It’s getting chilly at the outdoor movie but most of the moviegoers are braving the cold. My daughter is clad in a soft sea-blue hoodie that highlights her perfect coloring, the freckles on her nose, the roses on her cheeks. She jogs easily through the crowd while carrying a balloon, her face relatively expressionless. Her eyes fall on me and just as she reaches my outstretched hands she begins to cry, surprising me: “They called me a sissy girl!”
“They”. A few boys my children have spent the last half-hour running around with; I’d noted one of them using a lady friend’s cane to perform mock-bludgeon on my son, who’d seemed agreeable to the scheme. I suppose my children are playing with these boys because they’re of about the right age and have parents or caregivers also relatively lax in their play range. I am surprised and displeased a bit at the company my children are keeping tonight: Sophie reveals to me that not only did they call her a sissy girl but they also insisted repeatedly my son Nels was a girl – depsite his protestations of the fact – because he has long hair (notice: having a vagina, or any trait that might hint at having a vagina = bad).
I am as human as the next mother, meaning that since their cruelty caused my daughter to cry a part of me wants to seek out these boys and beat the shit out of them. This is only a very small part of me; I do know these are children (and when I think of the likely adults who contribute to this sort of thing, I just get a wee headache and a bleak feeling of exhaustion). It helps in a moment like this that I have no doubts, none, that my children can withstand meanness on their own and come up with their own solutions (after all, Sophie and Nels do train one another in this regard).

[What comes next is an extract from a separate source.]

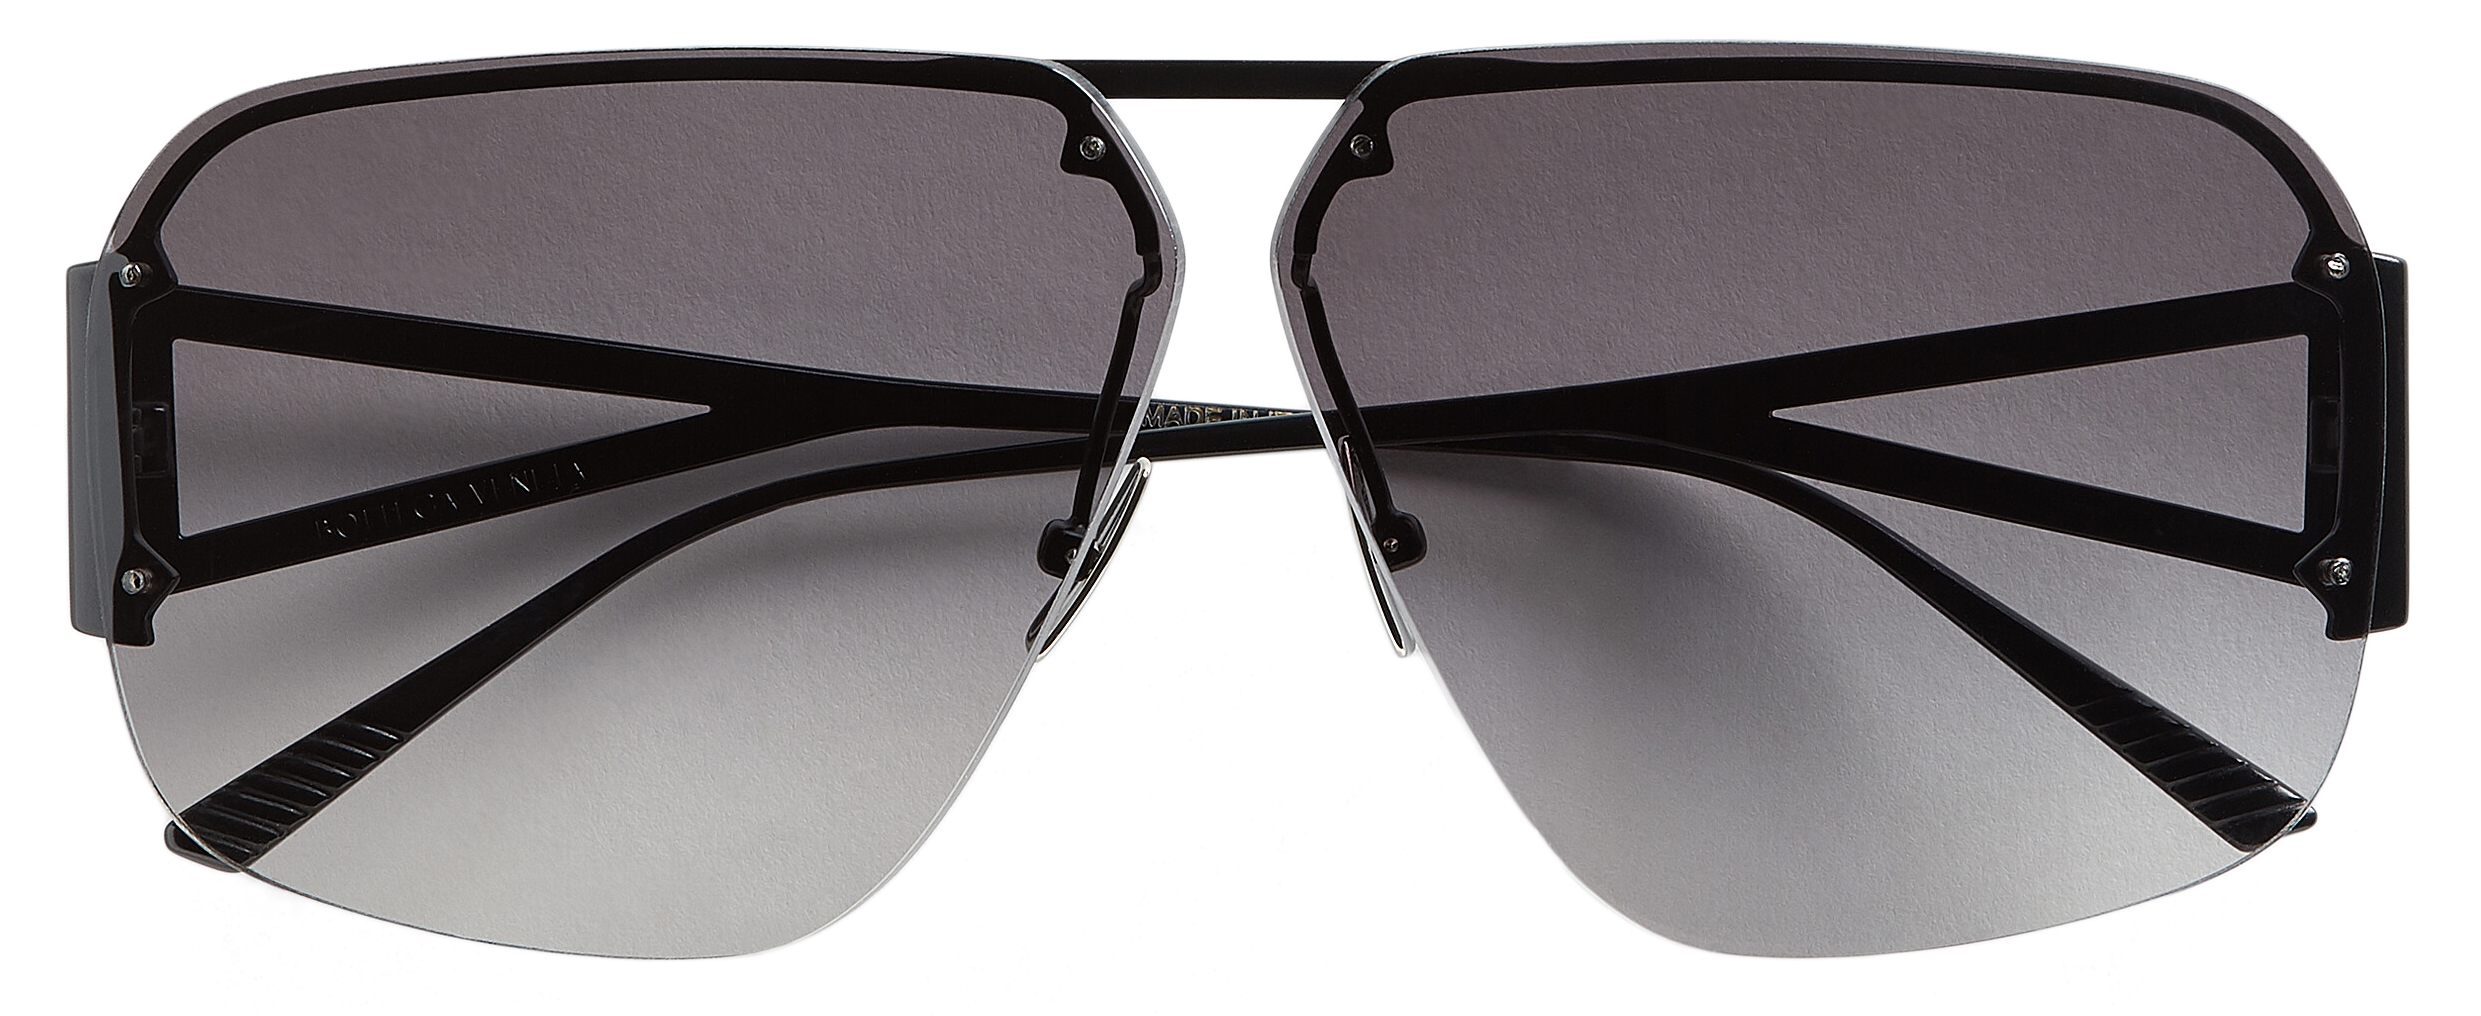 Bottega Veneta Eyewear, Aviator Metal Sunglasses, Mens, 01bk

Sure enough, the solace my daughter found in my arms immediately satisfies and she is no longer crying. “I want to find them again…” she is looking about. “I need a name to call them. Help me think of one.”
I say a very naughty word. As I predicted, she laughs and shakes her head. “No, nothing with the s-word or the f-word or anything like that.”

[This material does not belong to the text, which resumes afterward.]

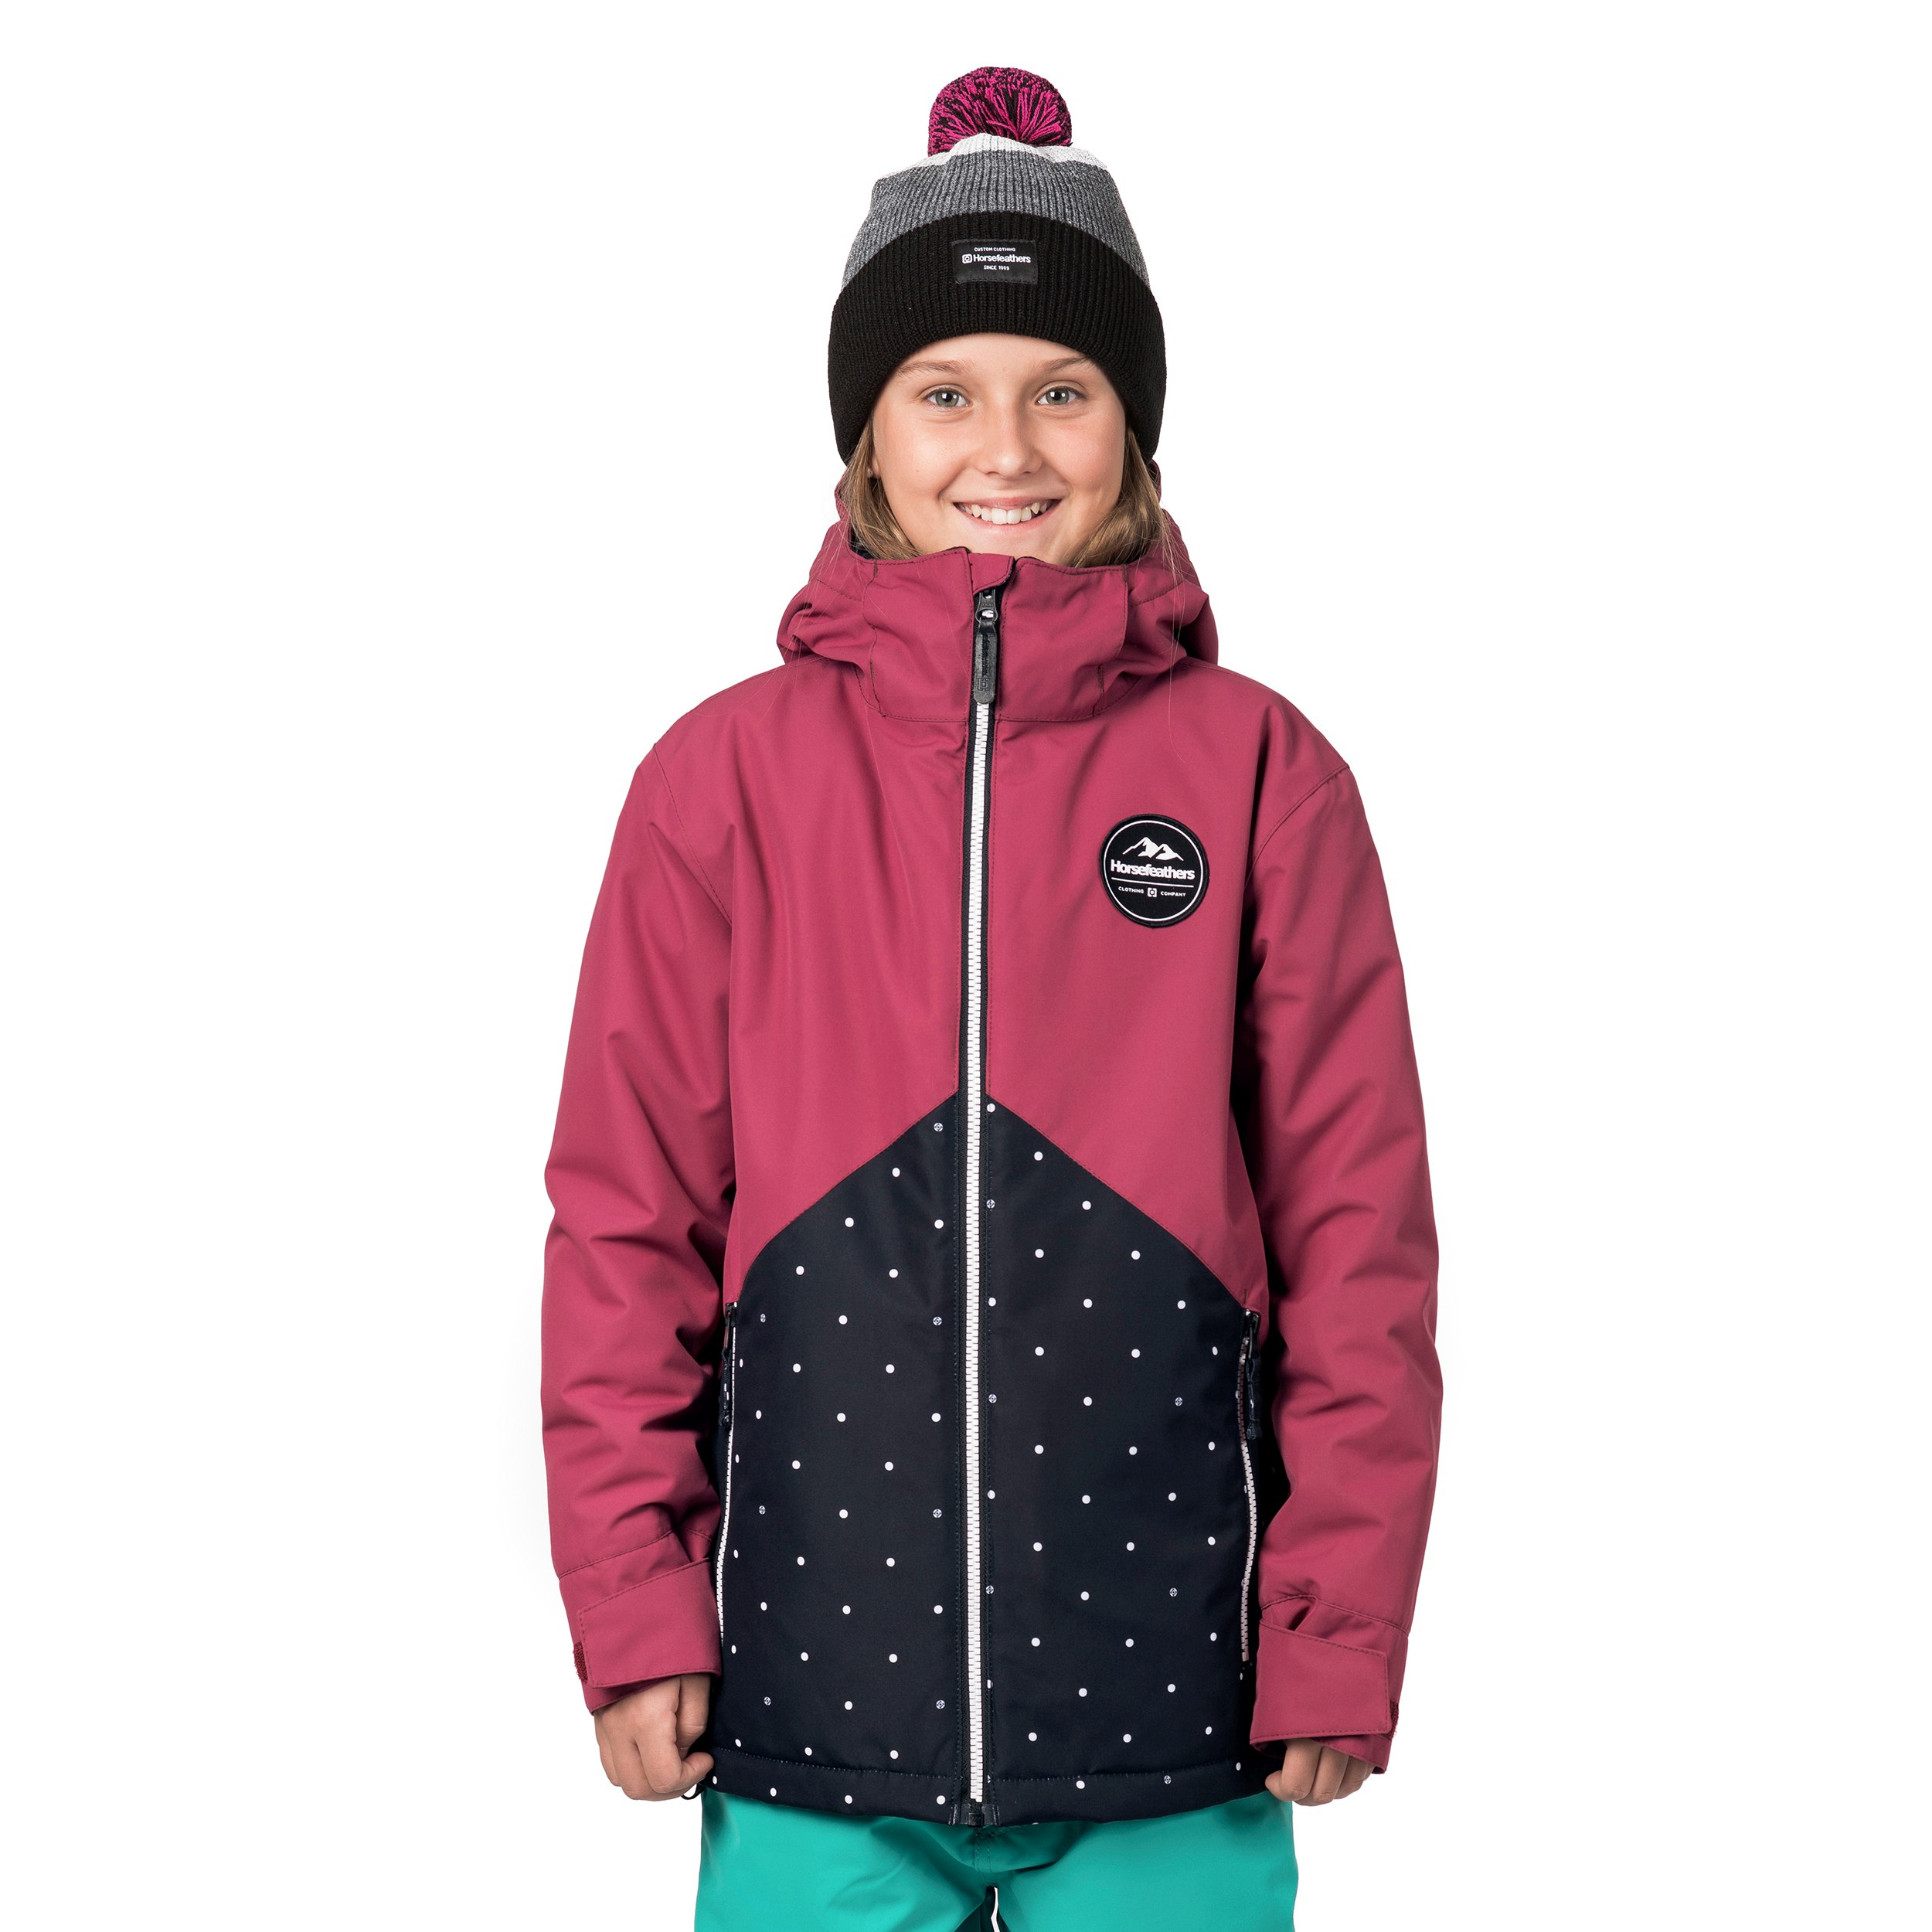 Girls’ winter ski/snowboard jacket

We sit for a few beats, then I ask: “Where do you think they learned to speak that way about girls?”
“From their grownups,” she replies.
I wait a second longer to see if she has anything else to say before I continue: “Well, do you really want to call them a name? How did it make you feel when they did that to you?”
“Bad,” she says, her eyes filling with tears again. Then her focus turns inward: she’s thinking. I can tell she’s discarded the idea of verbal retribution.
“I’m going to find them,” she announces. “If they call me a name again I’ll come back here to stay,” she says firmly.
And off she goes.
My children played most of the day today: with other, better-behaved (as far as I know) children, with their grandmother, and with their father. Lots and lots of bike and park time. I had a pretty good day too – a yoga retreat, a potluck, bike riding, visiting with friends, hosting a miniature luncheon, garage sale-ing, sunshine, sewing, dinner at a favorite restaurant.
But I think one of the best things that happened was once the outdoor movie started and our kids flooded back to Ralph and I immediately (we had been of no interest to them before that as we could not compete with the free-range play to be had in the green grass of the stadium) and Nels climbed up on my lap and giggled at the parts of the movie – his laugh makes my heart sing! – and periodicaly picked up my hand and kiss it tenderly.